Surgery and its Alternatives

Integrative medical physician Sandra McLanahan, M.D., has for many years been the nation’s leading expert on the medical effects of yoga. Executive Medical Director of the Integral Health Center in rural Buckingham, Virginia, she also served for 20 years as Director of Stress Management Training for the Preventive Medicine Research Institute, where she was a crucial part of the research team led by Dean Ornish, M.D., which established, in studies published in The Lancet and The Journal of the American Medical Association, that heart disease can be reversed by a combination of a low-fat, high fiber vegetarian diet, yoga, meditation, and group support.

McLanahan is a 1968 magna cum laude graduate of Swarthmore College, received her M.D. from Wayne State University, and completed a residency in Family Practice at the University of Massachusetts. Aside from her work with the Integral Health Center and the Preventive Medicine Research Institute, Dr. McLanahan was among the founders of the pioneering Commonweal Cancer Help Program.

Her most recent book, Surgery and Its Alternatives, co-authored with her brother David McLanahan, M.D., a surgeon, is a unique and comprehensive guide for people facing the possible need for surgery, and is a must for their caregivers as well. The doctors McLanahan cover 200 different diseases for which surgery is sometimes necessary, describing the causes of each disease (including dietary and stress factors) and presenting alternatives to surgery as well as complementary medicine approaches that can be utilized along with surgery.

In this interview with Dr. Daniel Redwood, McLanahan, a 5th generation doctor, describes how her father inspired her ethic of service, how the incompleteness of her medical education led her to search for deeper answers, her work with Dean Ornish and the late Swami Satchidananda, the value of yoga, the best ways to deal with heart disease, and her vision of a truly integrated approach to health and healing.

For further information:
Sandra McLanahan, M.D.
Route 1 Box 1680
Buckingham, VA 23921
Daniel Redwood: When did you first consider going into medicine?

Sandra McLanahan: I had an amazing father who just passed away at age 91, who was very oriented toward service. (My mother died when I was four.) He came from a very wealthy family, but he gave it all up because he saw people starving during the Great Depression. He went all around the Midwest founding co-ops and credit unions, so people could pool their resources and come together in community. He had six children; three of them are doctors and one is married to a doctor. So we all wanted to be of service.

I got interested in biology and science because of its beauty. It’s really been that which has brought me forward, the joy of life that I was given by my dad and his great dedication to service.

Redwood: What were the earliest influences leading you toward unconventional forms of medicine?

McLanahan: I got interested in that while I was in medical school. I began to see that so much of disease had a preventable aspect. I began to see that what medical school was oriented toward was simply drugs and surgery, and that it wasn’t getting at the root cause of disease. Then I read a transcript of a talk by Swami Satchidananda in which he said we have a natural state of ease, and when we lose it we get dis-ease.
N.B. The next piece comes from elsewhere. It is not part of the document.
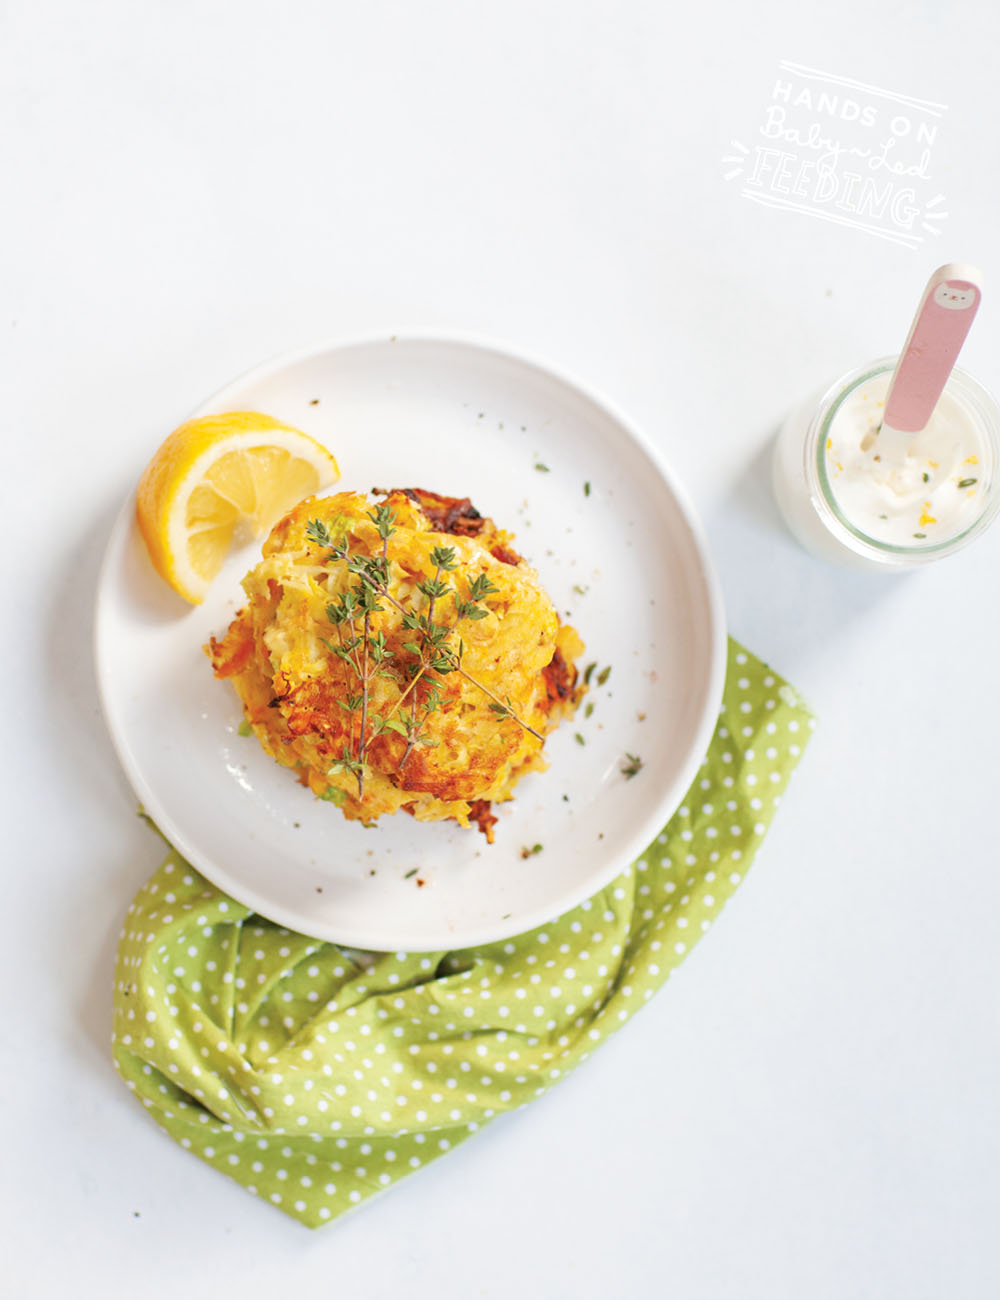 Freezer friendly healthy hash browns loaded with veggies! Easy healthy finger food appetizer or side dish for baby-led weaning. #hashbrown #fingerfood #hiddenveggies #pickyeaters #freezerfriendly #babyledweaning #babyledfeeding #cabbagerecipe #carrots #potatoes

And so the aim should be to maintain the ease, and thereby maintain the health. Nobody had said anything like that in medical school. So I went on a retreat with him my senior year in medical school, and started learning about natural approaches to health, because he had been trained as a naturopath and a homeopath in India, as well as in the science of yoga. Since then, which was 35 years ago, I have been studying these approaches. I went to India with him and visited the yoga hospitals, looked at the naturopathic tradition over there as well as the naturopathic tradition in this country.
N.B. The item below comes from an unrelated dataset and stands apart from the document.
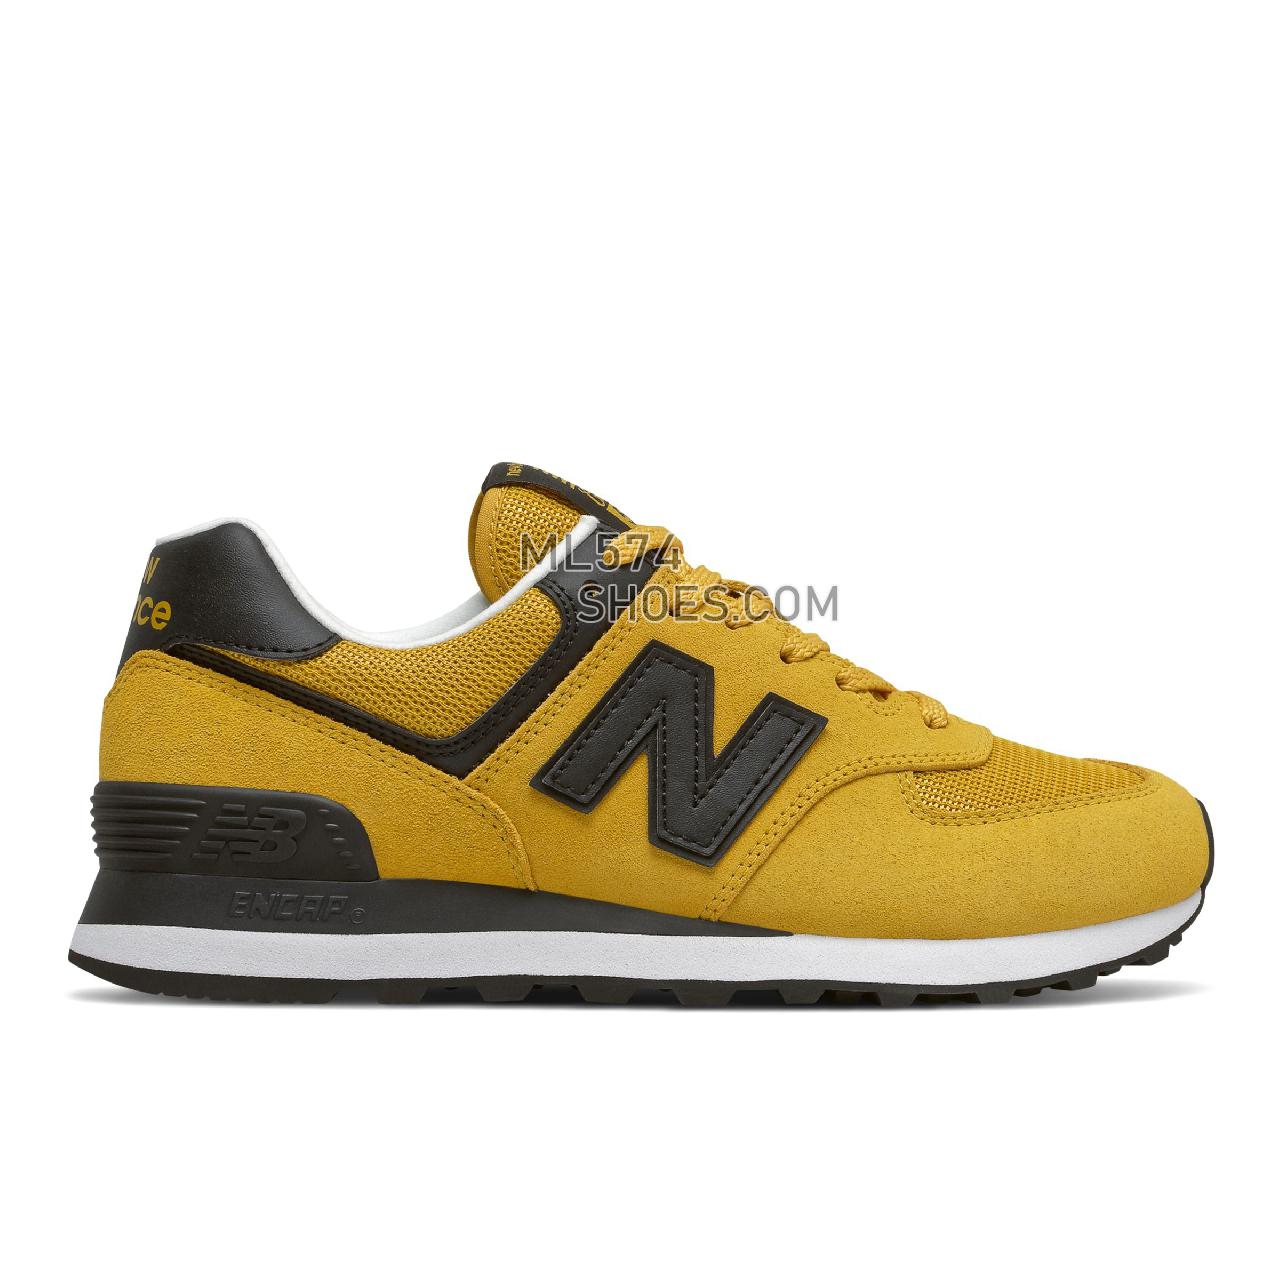 New Balance 574 - Women's Classic Sneakers - Harvest Gold with Black - WL574MC2

Redwood: How has yoga changed your life?

McLanahan: The basic questions of life that we all face are: Who are we? And what are we doing here? I was raised as a Methodist and I was taught about God as being the Supreme Being. So I kind of envisioned this Merlin-like presence. Then, as I began to study yoga and reflected on my spiritual understanding, I began to go deeper. I realized that if God is omnipresent, then it can’t be a supreme being, but more like a supreme state of being. So I began to understand who we are more deeply from the inside, who we are and what we are doing here. Yoga provides tools that help people stay healthy, physically, mentally, and then deepen their own spiritual understanding and experience.

Redwood: How did you become involved in Dean Ornish’s research on heart disease and how would you characterize its importance?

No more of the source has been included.